#### [What to produce]
For this exercise, copy exactly every line from the one holding "san diego newborn" through the end of the data, both included. Omit pictures.

#### [Source material]
• • • •

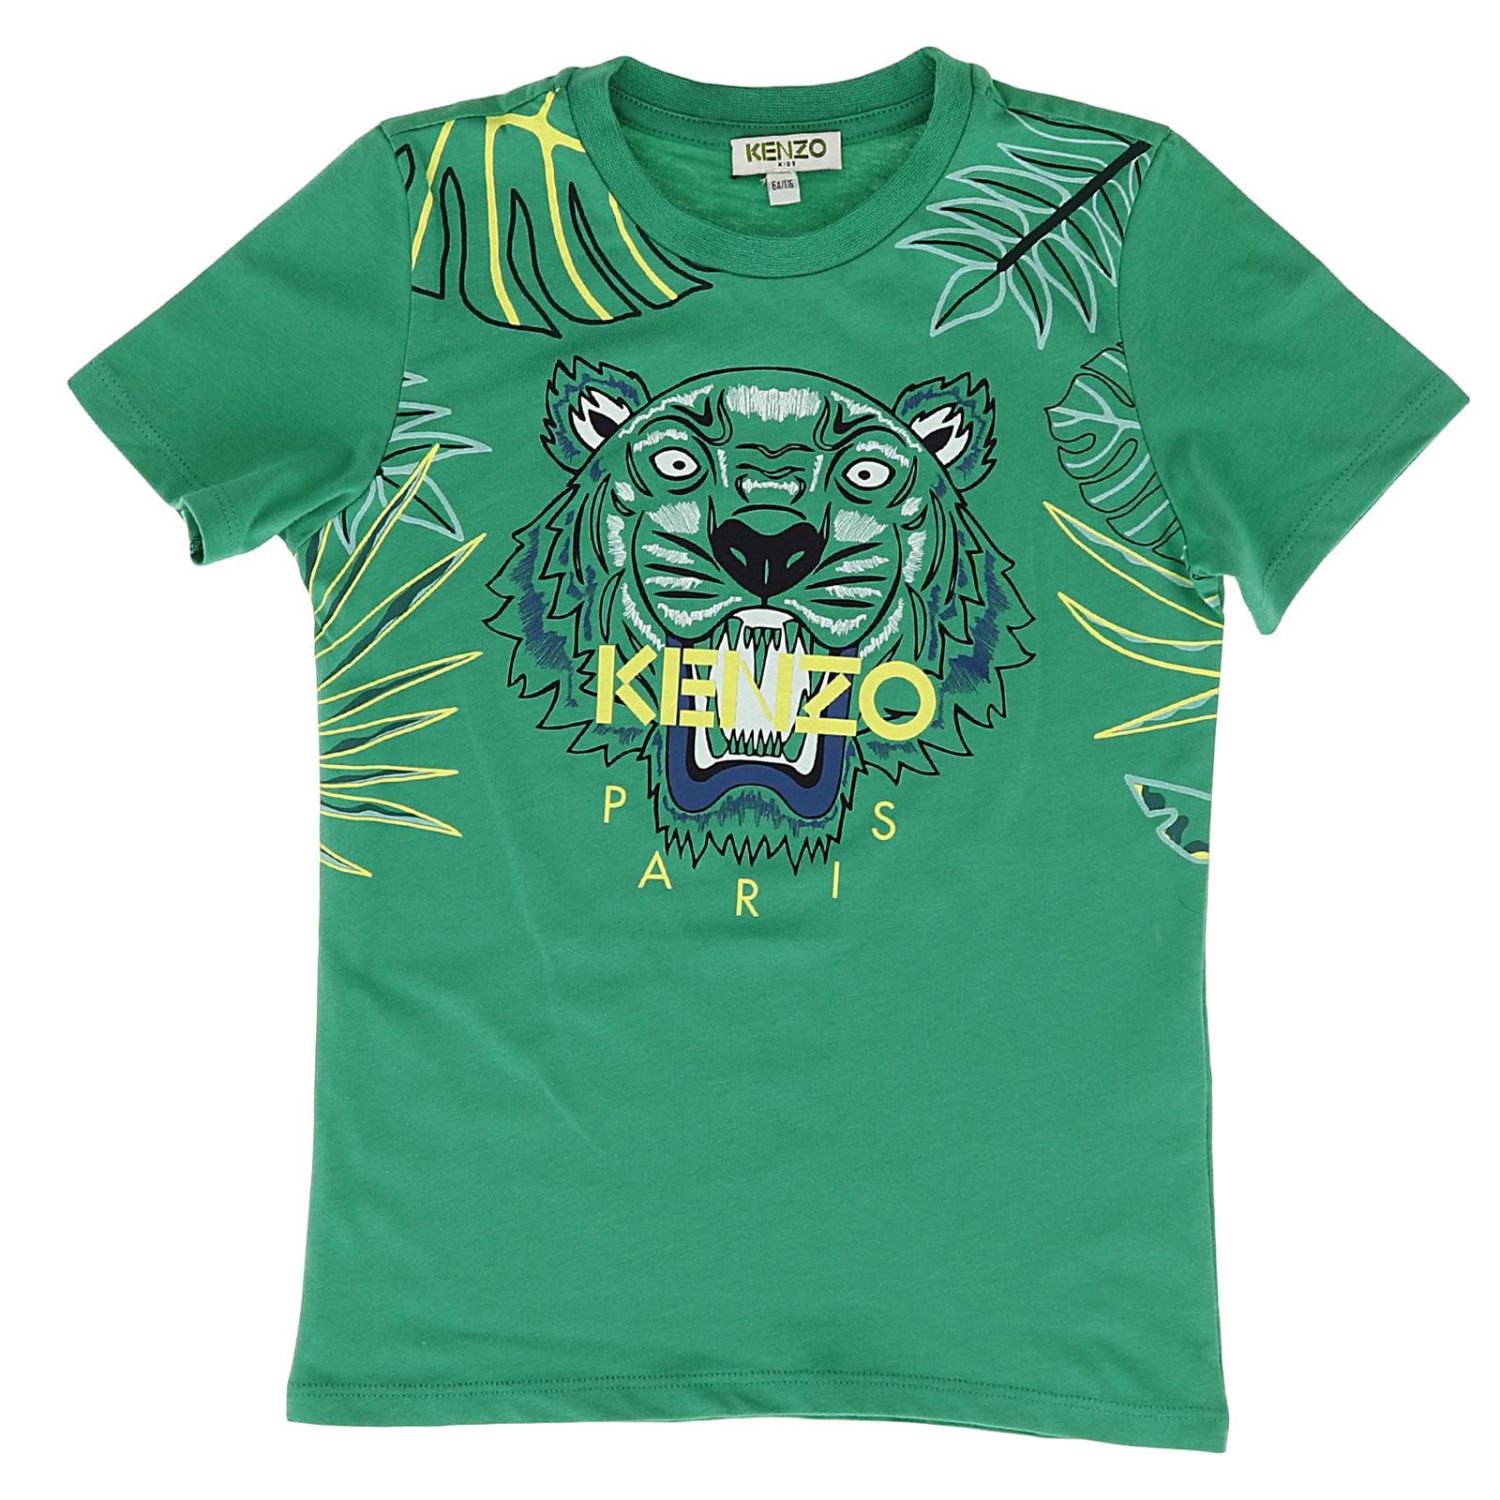 Kenzo Kids Outlet: t-shirt for boys - Green | Kenzo Kids t-shirt ...
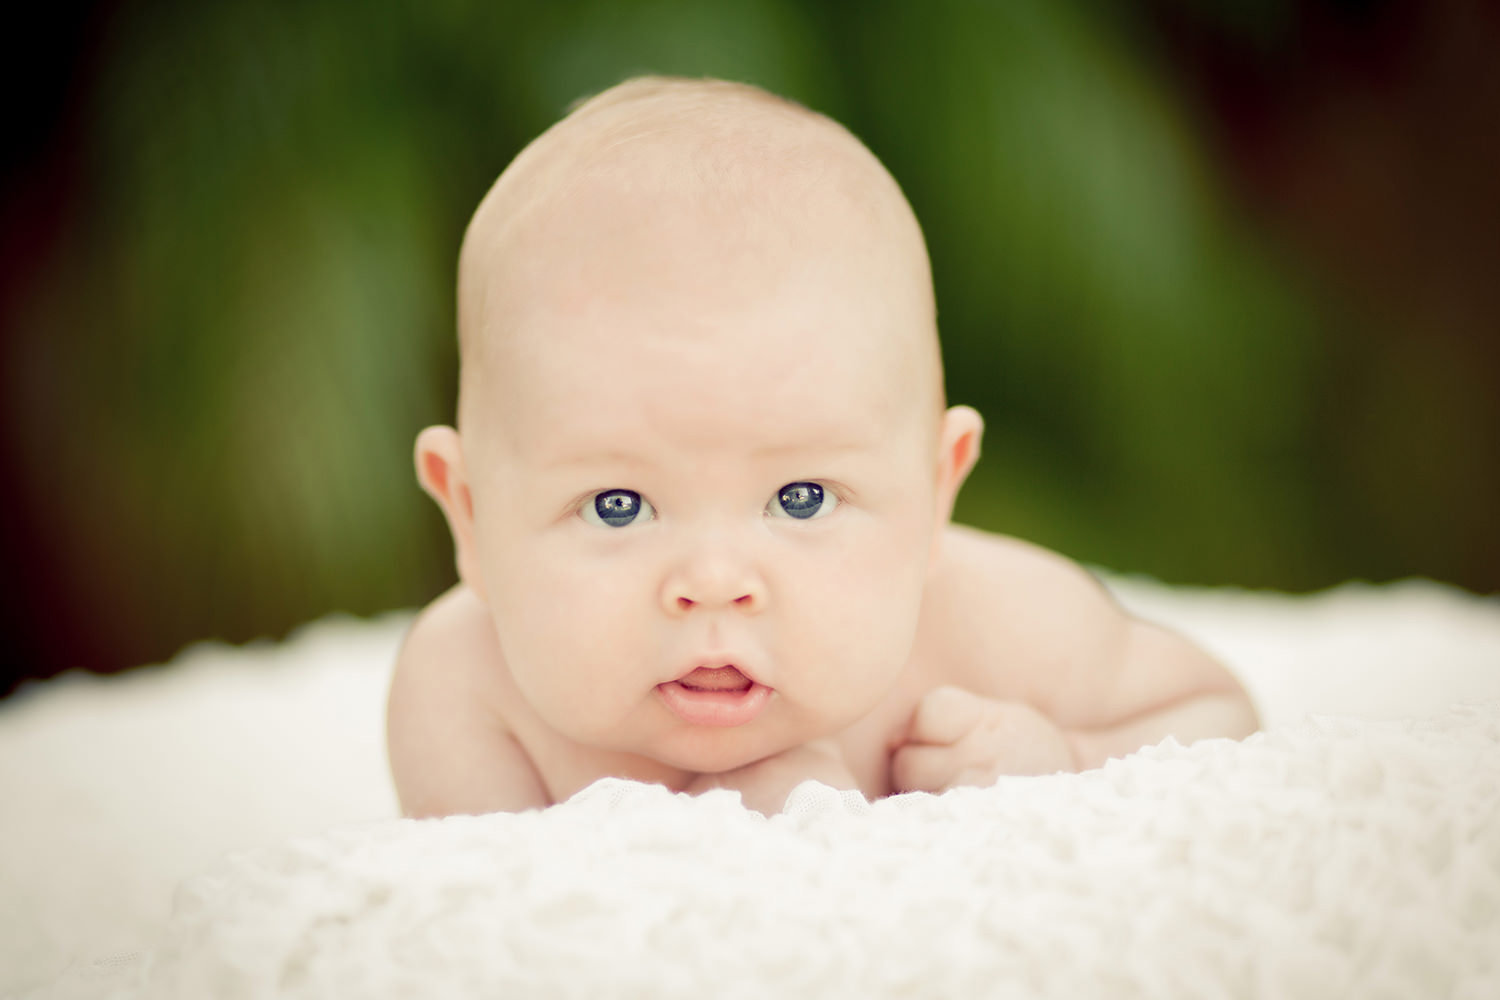 san diego newborn photographer | newborn with big blue eyes wide awake really cute face
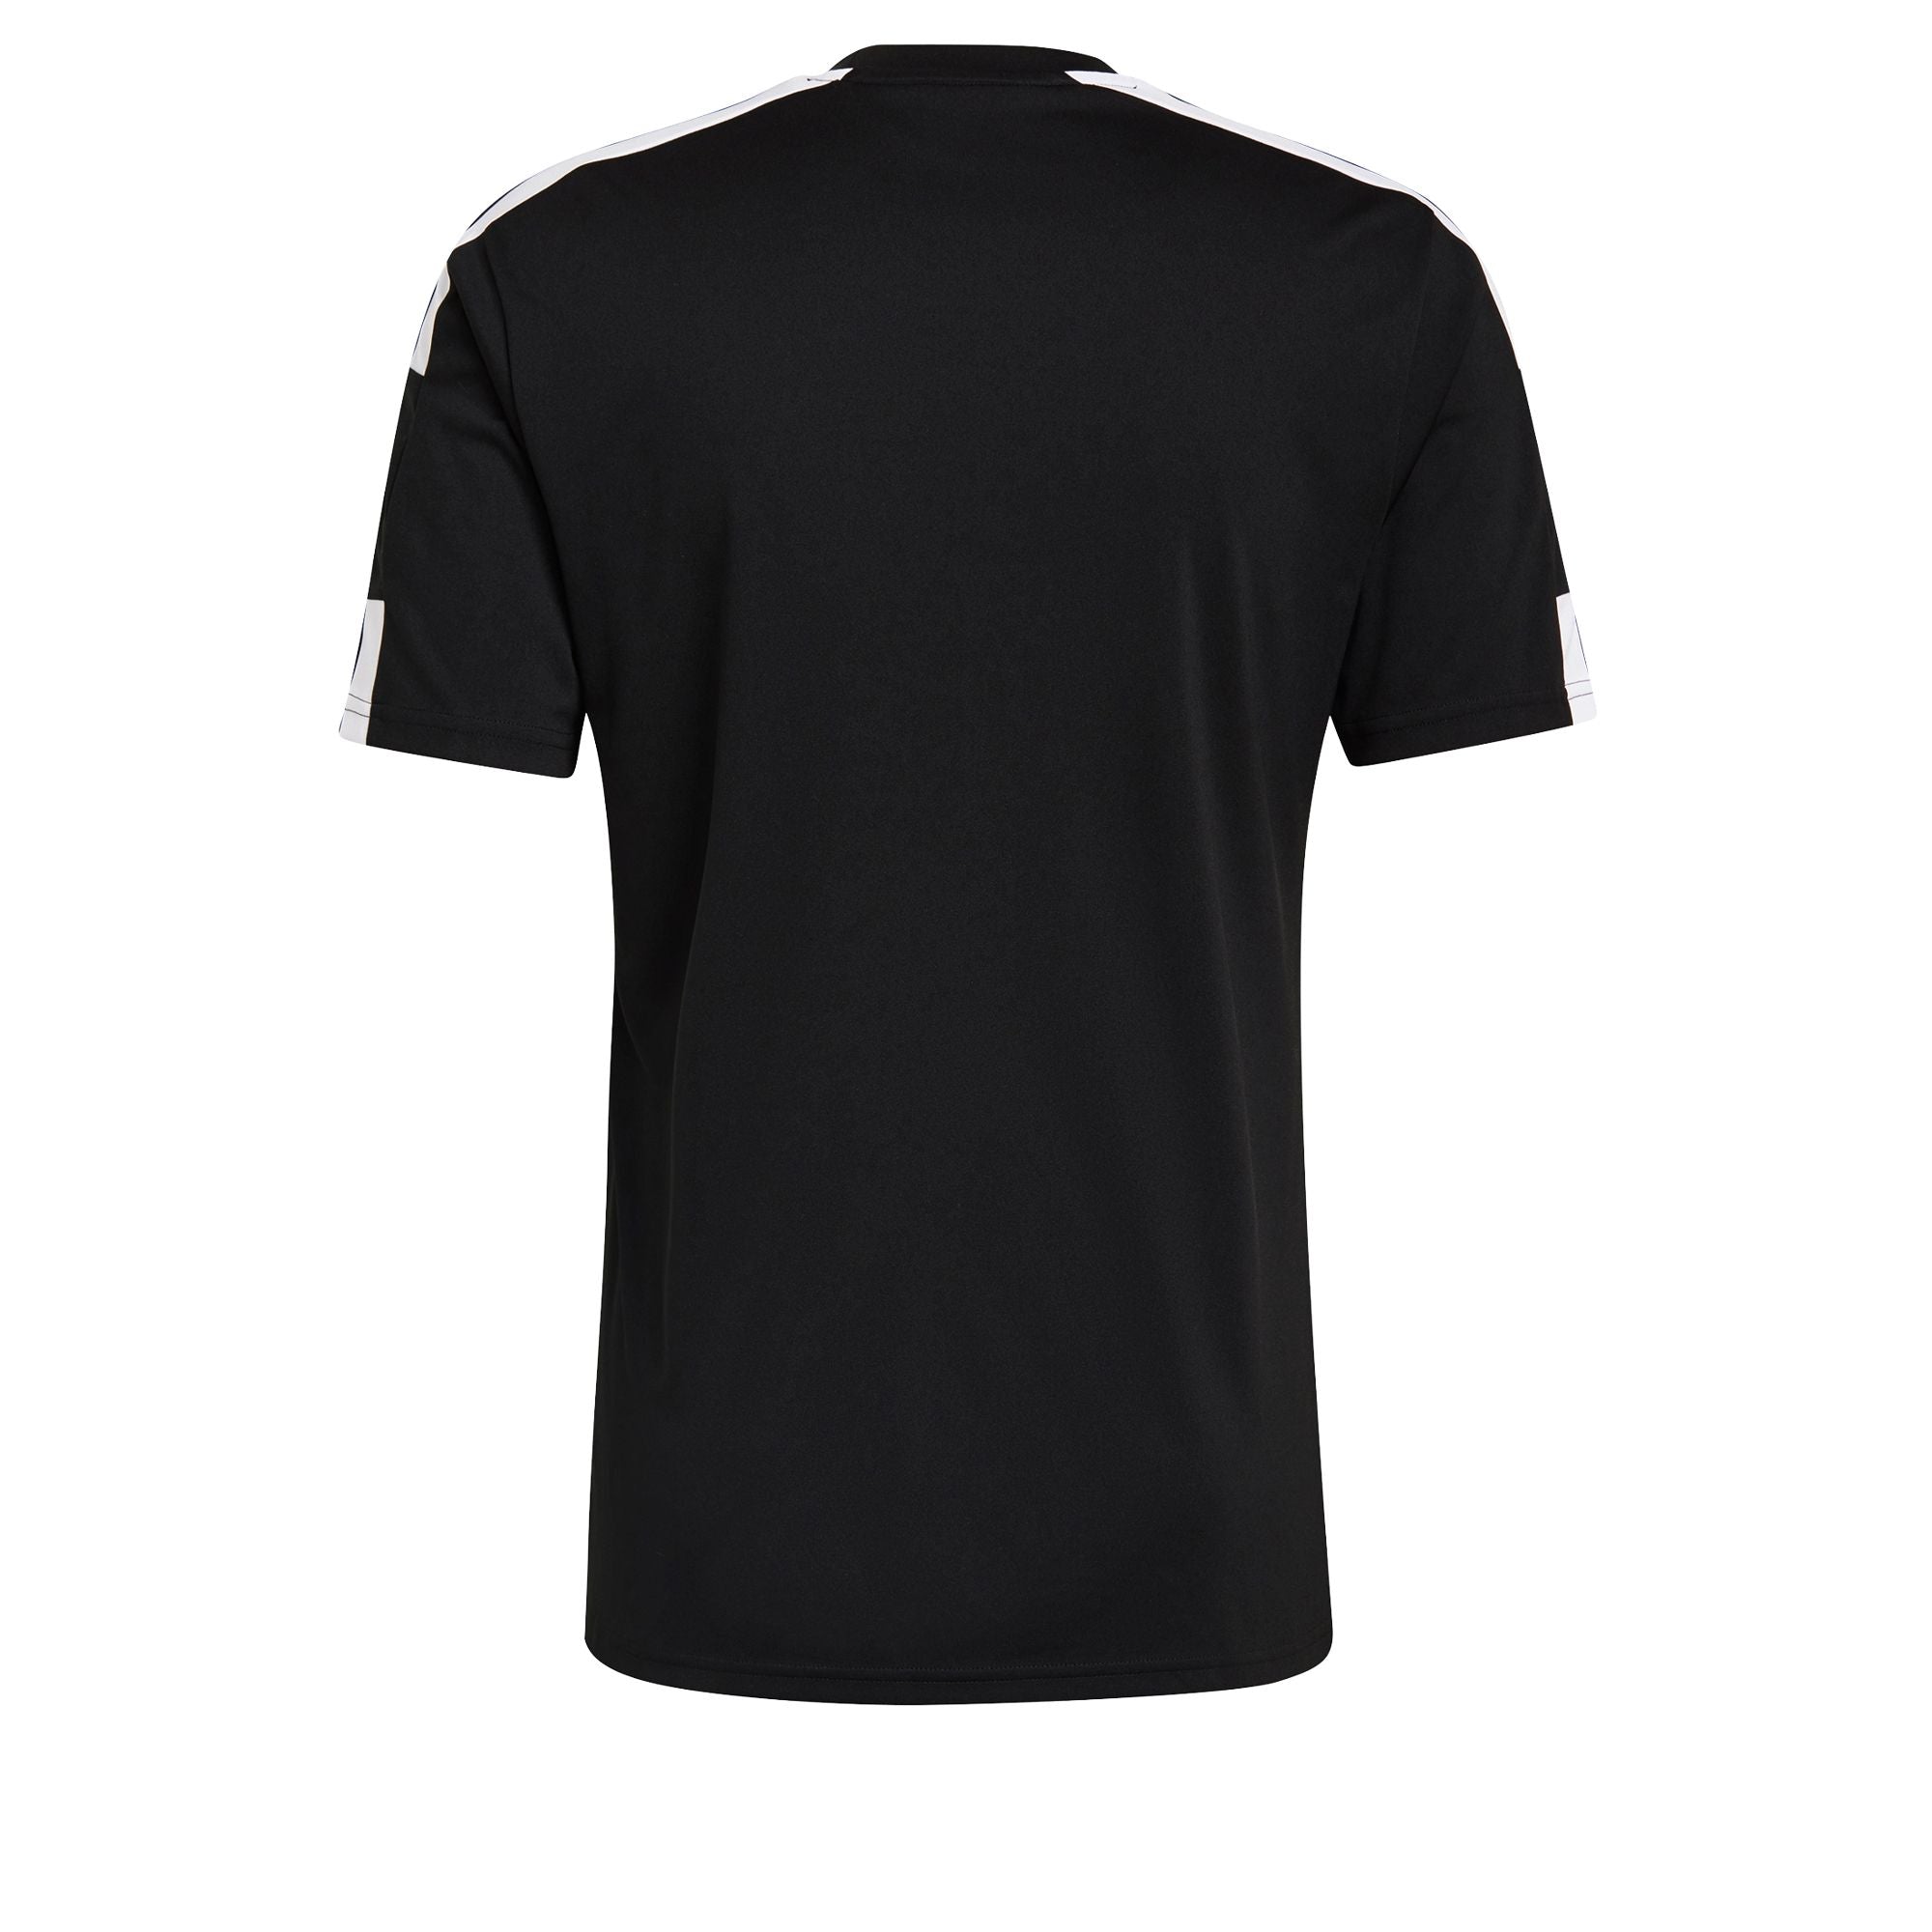 Adidas T-shirt tecnica GN5720 nero bianco

• • • •

#### [Response to the task]
 san diego newborn photographer | newborn with big blue eyes wide awake really cute face
 Adidas T-shirt tecnica GN5720 nero bianco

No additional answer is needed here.